Problem to solve —
Lines from the one with "赤ふりをする認証【まとめ買い】hadakara(ハダカラ) ボディソープ 保湿+サラサラ仕上がりタイプ" up to and including the one with "Statistik: Entwicklung der" are to be copied exactly from the records below, without their pictures.

Material provided —
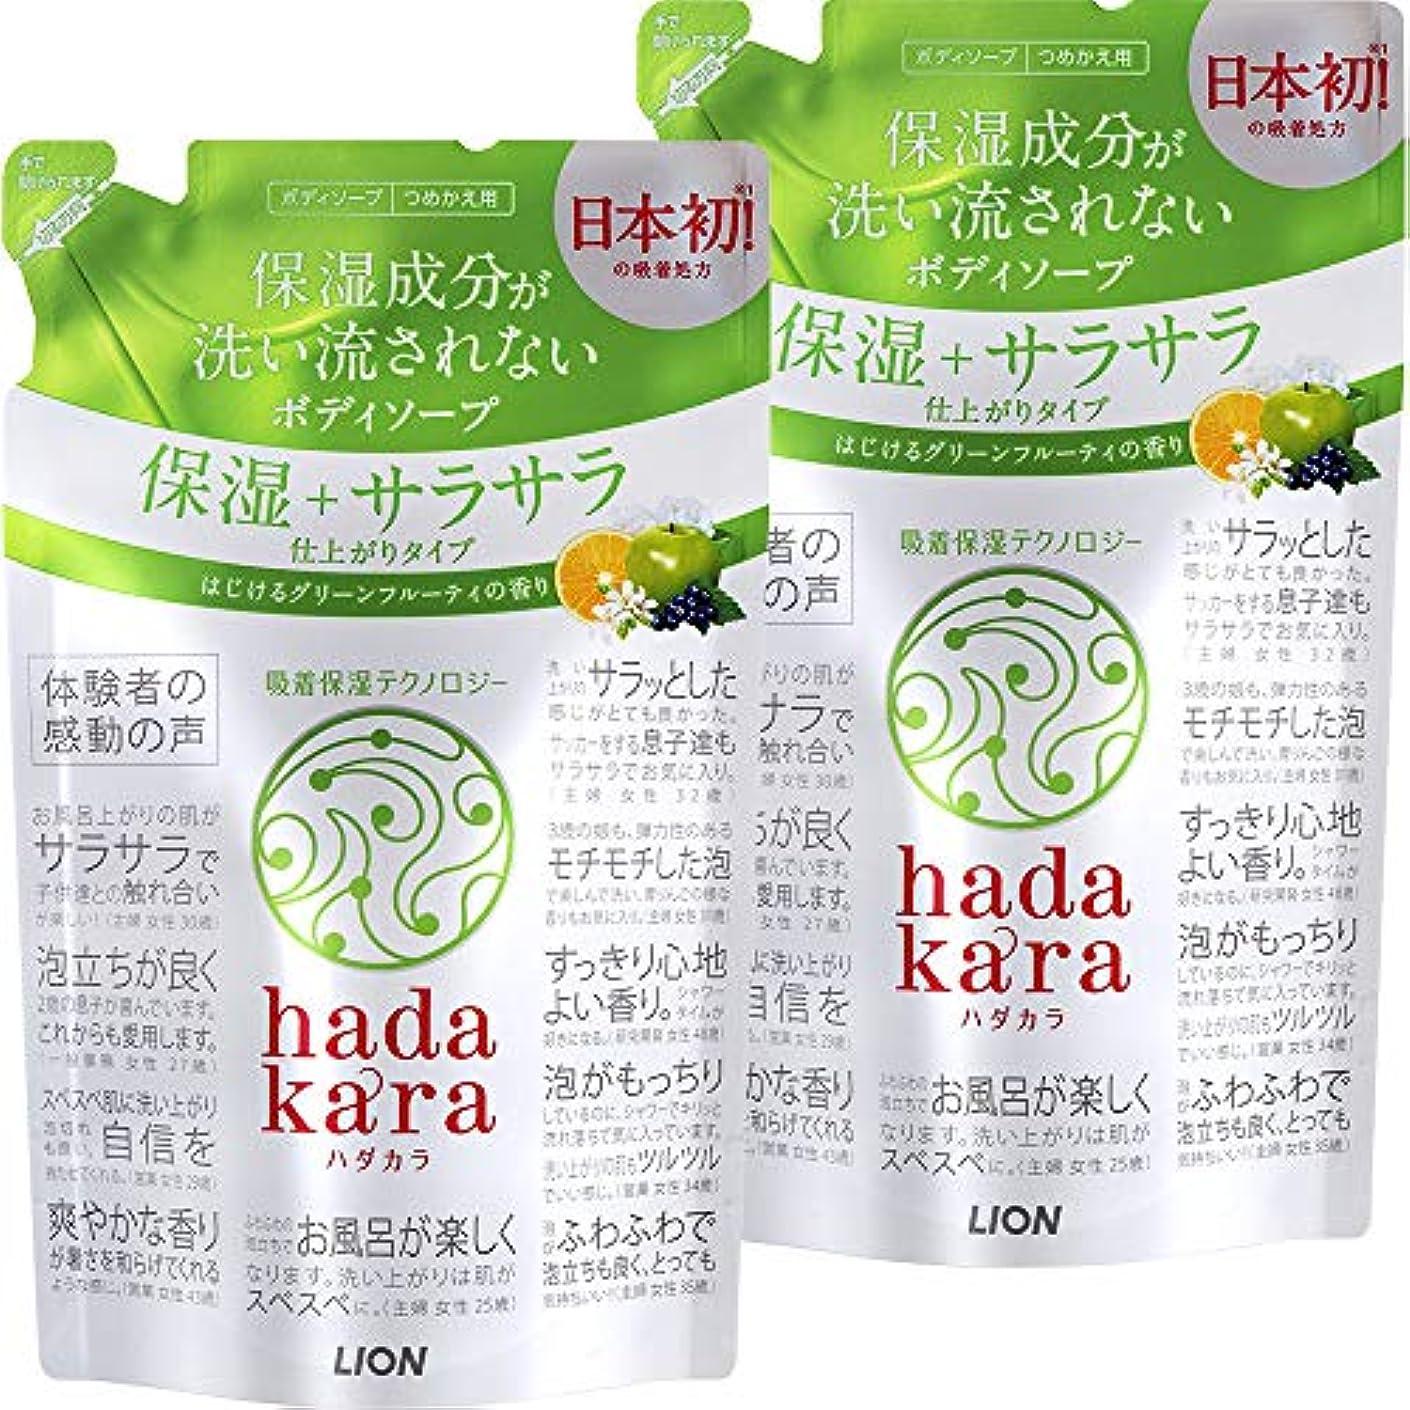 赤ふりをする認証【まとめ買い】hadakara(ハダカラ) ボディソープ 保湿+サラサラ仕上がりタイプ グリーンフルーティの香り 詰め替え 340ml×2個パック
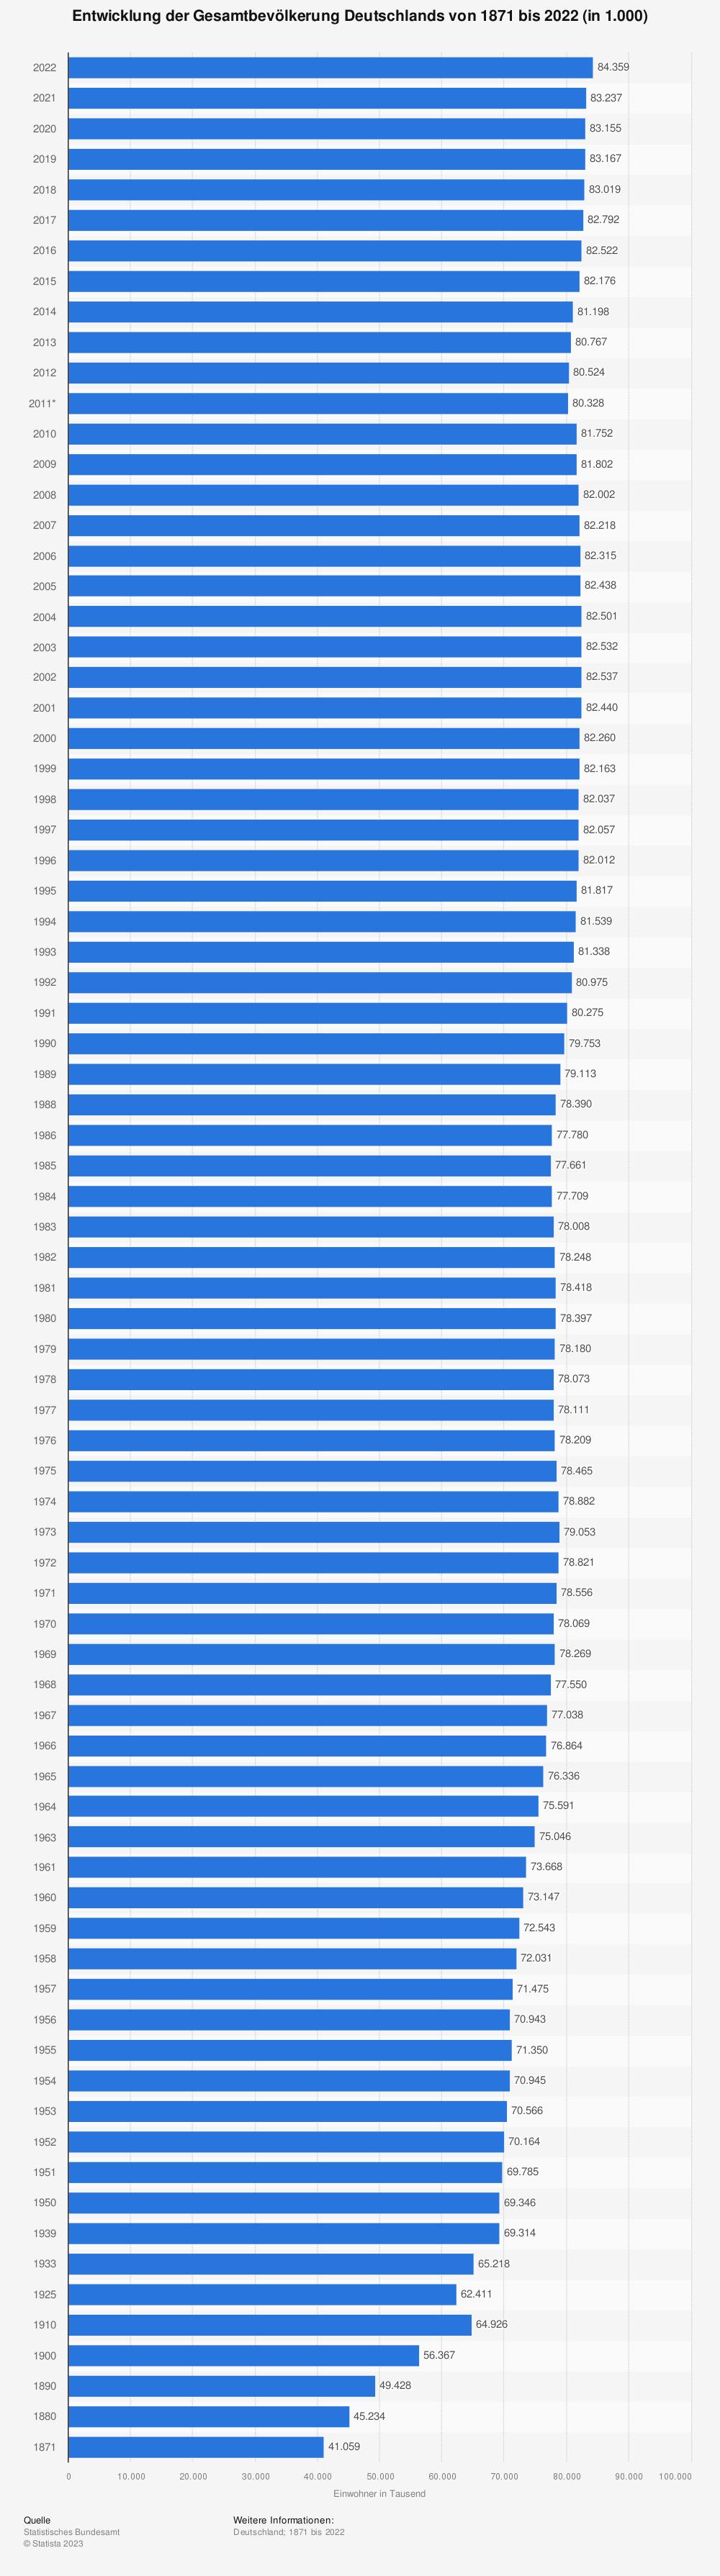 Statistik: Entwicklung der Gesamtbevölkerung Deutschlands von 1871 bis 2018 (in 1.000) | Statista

* * *

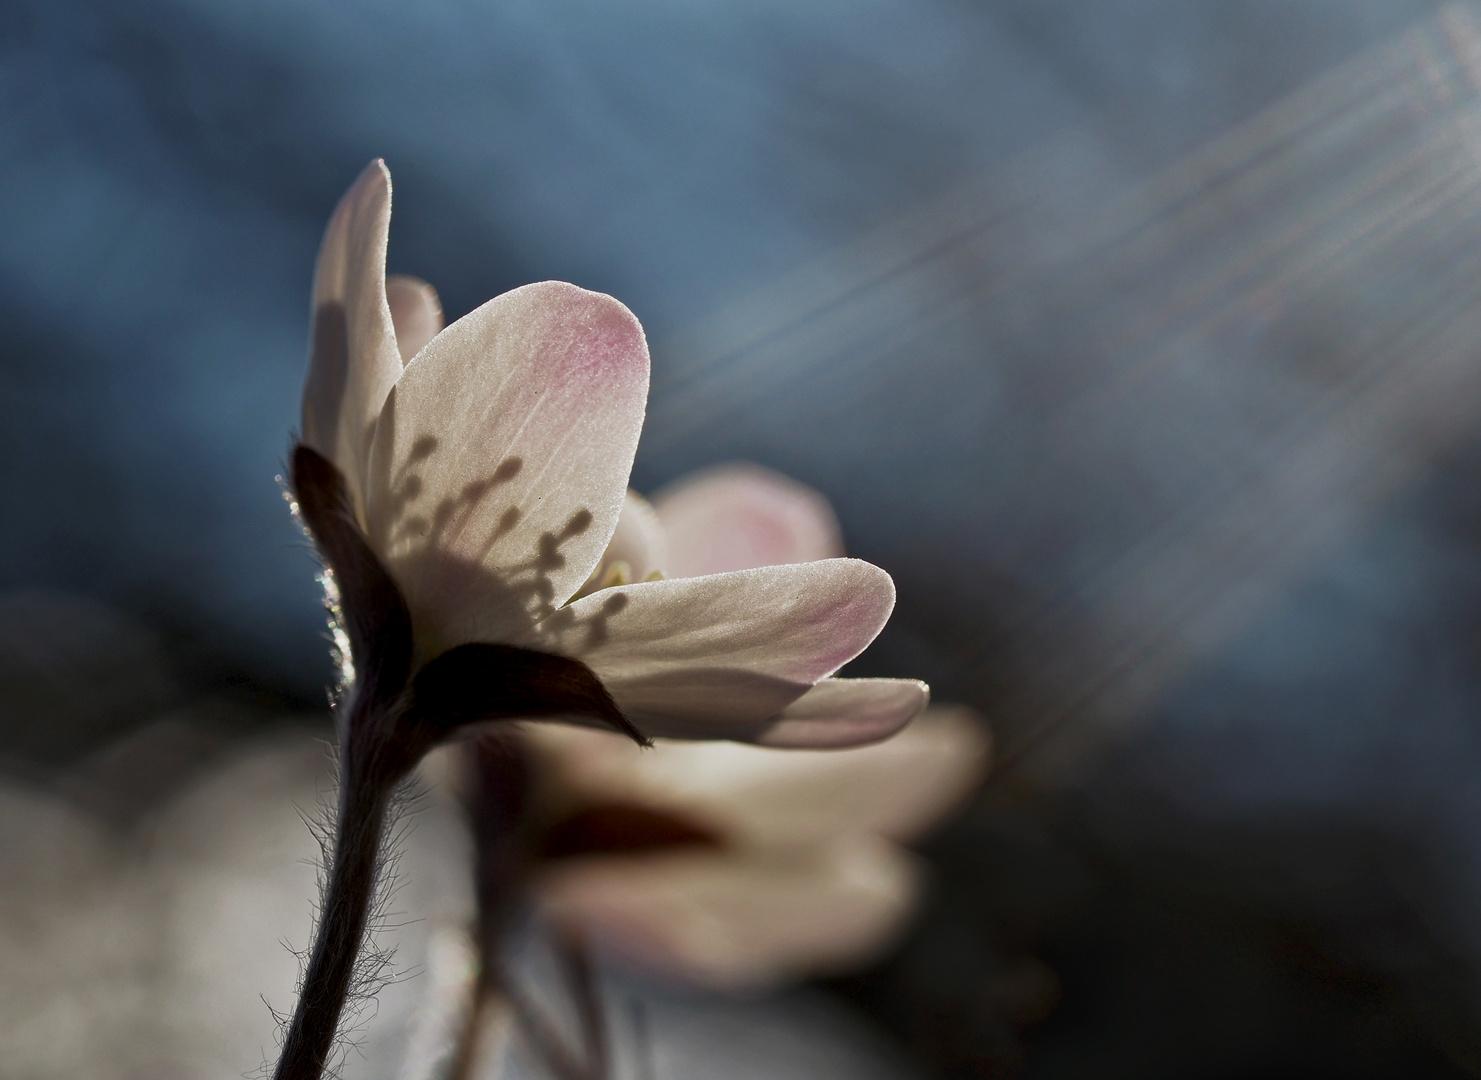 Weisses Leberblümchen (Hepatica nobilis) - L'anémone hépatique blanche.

Result for this exercise —
 赤ふりをする認証【まとめ買い】hadakara(ハダカラ) ボディソープ 保湿+サラサラ仕上がりタイプ グリーンフルーティの香り 詰め替え 340ml×2個パック
 Statistik: Entwicklung der Gesamtbevölkerung Deutschlands von 1871 bis 2018 (in 1.000) | Statista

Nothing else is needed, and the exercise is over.